After 1945, thousands of farmers or rural householders collected the abandoned runway mat, pressing its hooks and slots together to create fences and walls that are still stand­ing today. They are the hilt of a terri­ble sword that has been transformed into the proverbial plowshare: si­lent memorials to an air war of long ago.

Perversely, one place where a sample of Marston mat will not be found is among the World War II exhibits of any aviation museum. Here will be found the stuff of “aces” and airplanes and almost no end of sentimental ephemera. But there is nary a word about, much less a sample of, this dramatically simple invention that with minimum effort and maximum speed carried American combat aviation to the ends of the earth.

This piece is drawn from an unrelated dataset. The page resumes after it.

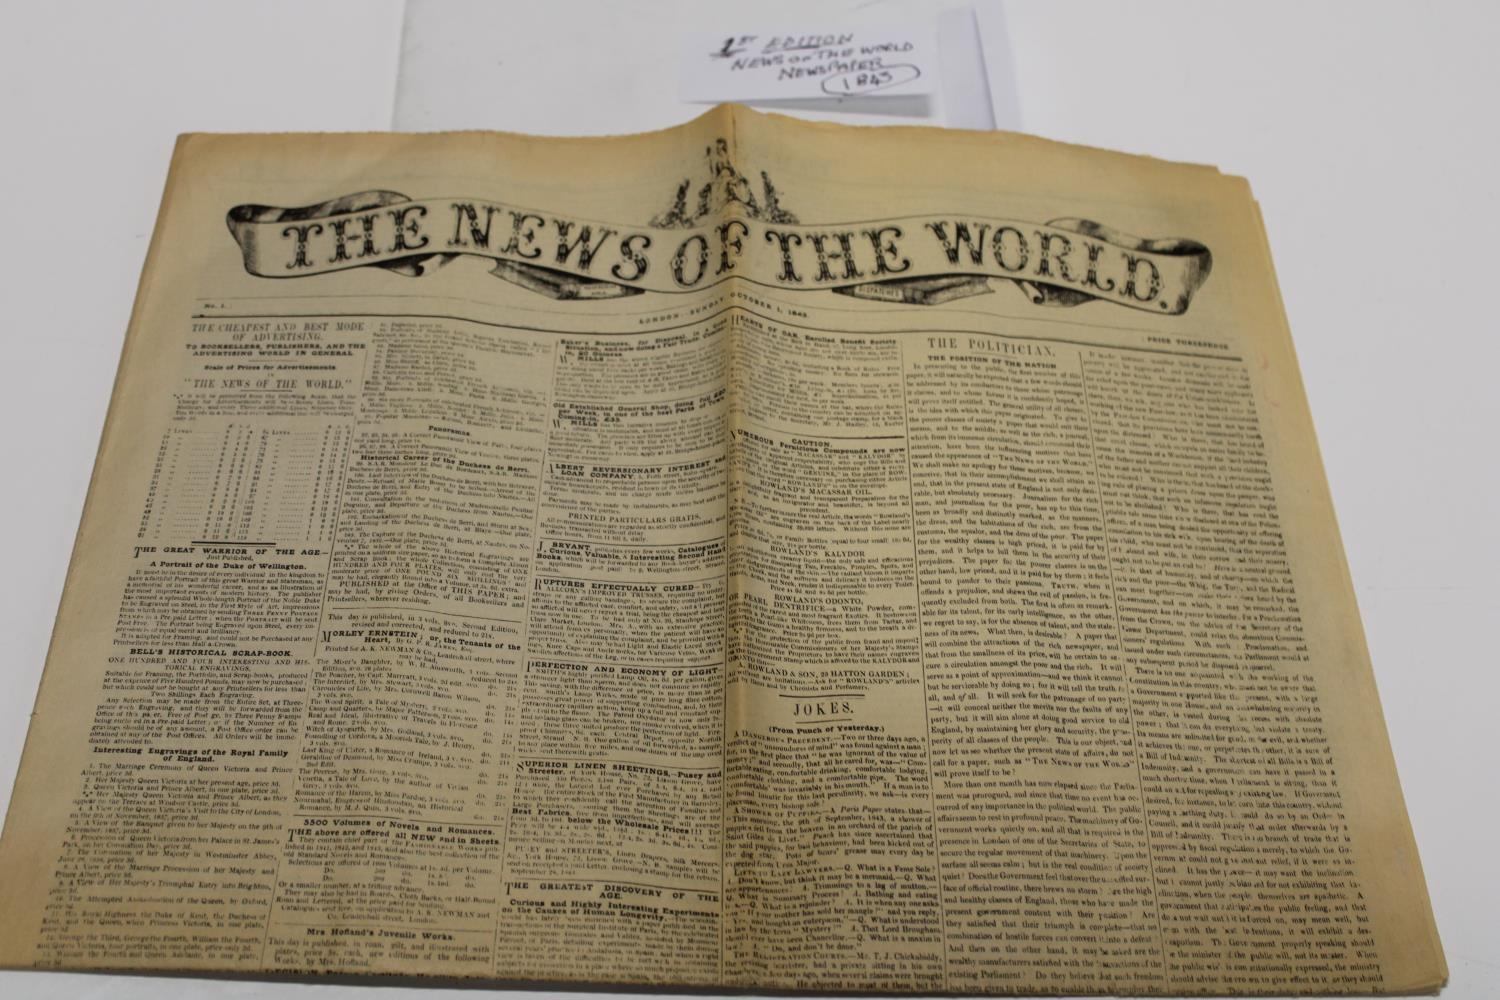 A first edition of The News of The world newspaper 1843

During 1941-45, Marston mat created the footprint of global air-power. Although not possessed of glamor or the mystique of “break­throughs,” Marston mat neverthe­less ranks as one of the most subtle, versatile, and ultimately devastating “secret weapons” of World War II.

Richard K. Smith is the author of The Airships Akron and Macon: Flying Aircraft Carriers of the US Navy and the prizewinning First Across! The US Navy’s Transatlantic Flight of 1919, both published by the US Naval Institute. This is his first article for AIR FORCE Magazine.